How to resume training (finetuning) on the checkpoint(saved) model?

fansiawang commented 7 years ago

For example, I have trained a model for 300,000 rounds, and save the model successfully. What if I want to go on training base on the saved model, saying, I want to train 300,000 more rounds. I can not find some documentation. Does anybody know the command details?

ShenYounger commented 7 years ago

yeah。i have the same question with u。@oahziur 。could you help us solve this problem?

oahziur commented 7 years ago

The model will save everything to out_dir. As long as out_dir is not removed, re-run the same training command will continue the training start from the latest saved checkpoint.
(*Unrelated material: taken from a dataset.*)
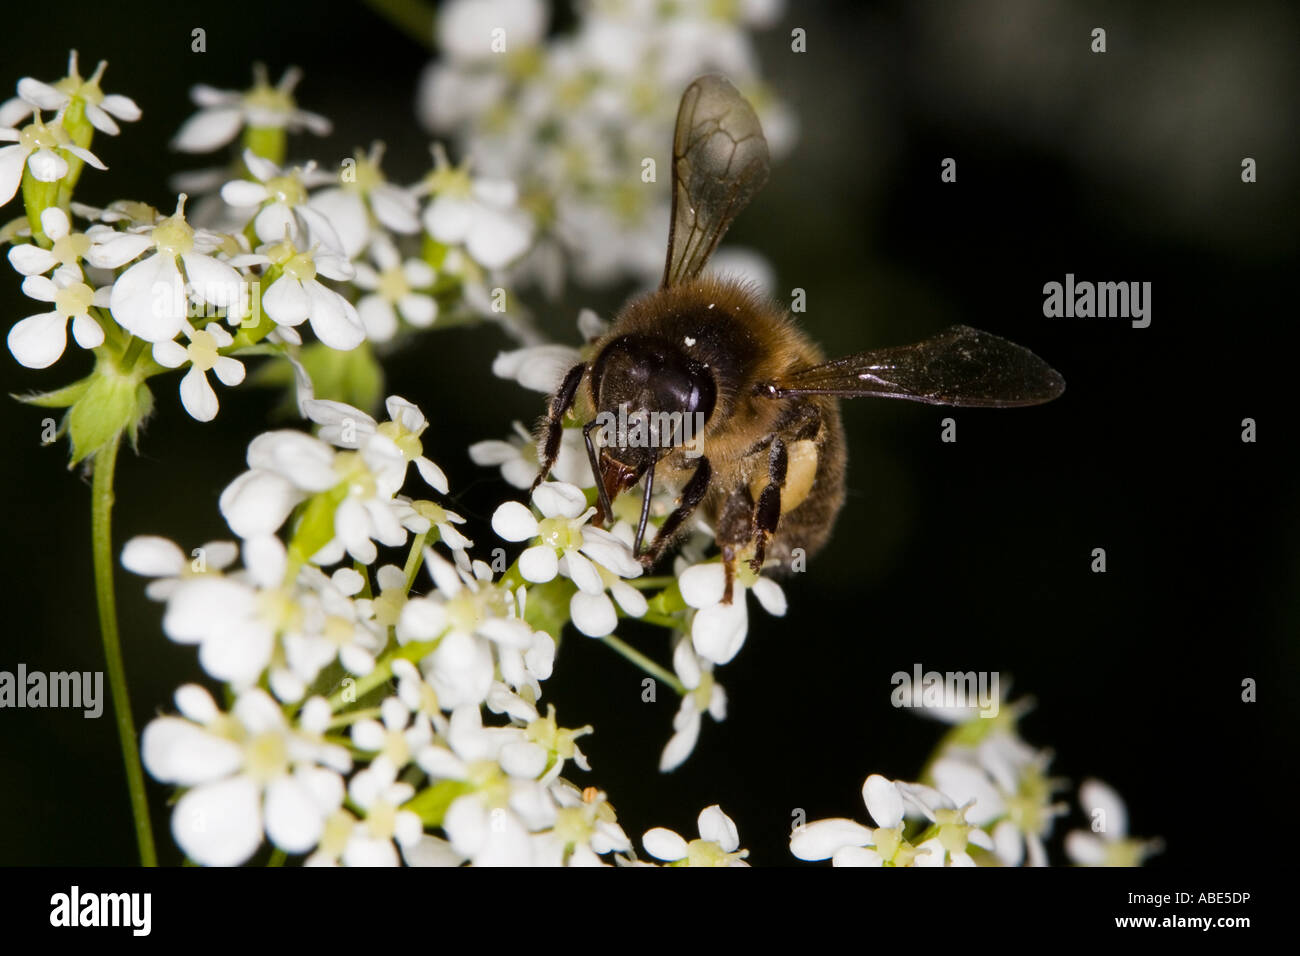 European Honeybee (Apis mellifera) feeding on umbellifera flower - Stock Image

fansiawang commented 7 years ago

@oahziur You are absolutely right! I resumed training successfully! Now I have another question. I try to finetune new dataset on the saved checkpoint. Refer to the previous continuing training method, I copy four files(checkpoint, translate.ckpt-11000.data-00000-of-00001, translate.ckpt-11000.index, translate.ckpt-11000.meta) in a new out_dir I just change the train data path and hparams file. I execute the following command:

python -m nmt.nmt \
  --hparams_path=./nmt/standard_hparams/tst2012.json \
  --src=vi --tgt=en \
  --vocab_prefix=./nmt/nmt_data/iwslt15/vocab \
  --train_prefix=./nmt/nmt_data/iwslt15/tst2012 \
  --dev_prefix=./nmt/nmt_data/iwslt15/tst2013 \
  --out_dir=./nmt/nmt_model

But it only tests the dev data, not starts training from the saved checkpoint. The log is as follows:

loaded infer model parameters from ./nmt/nmt_model/translate.ckpt-11000, time 0.12s
# External evaluation, global step 11000
  decoding to output ./nmt/nmt_model/output_dev.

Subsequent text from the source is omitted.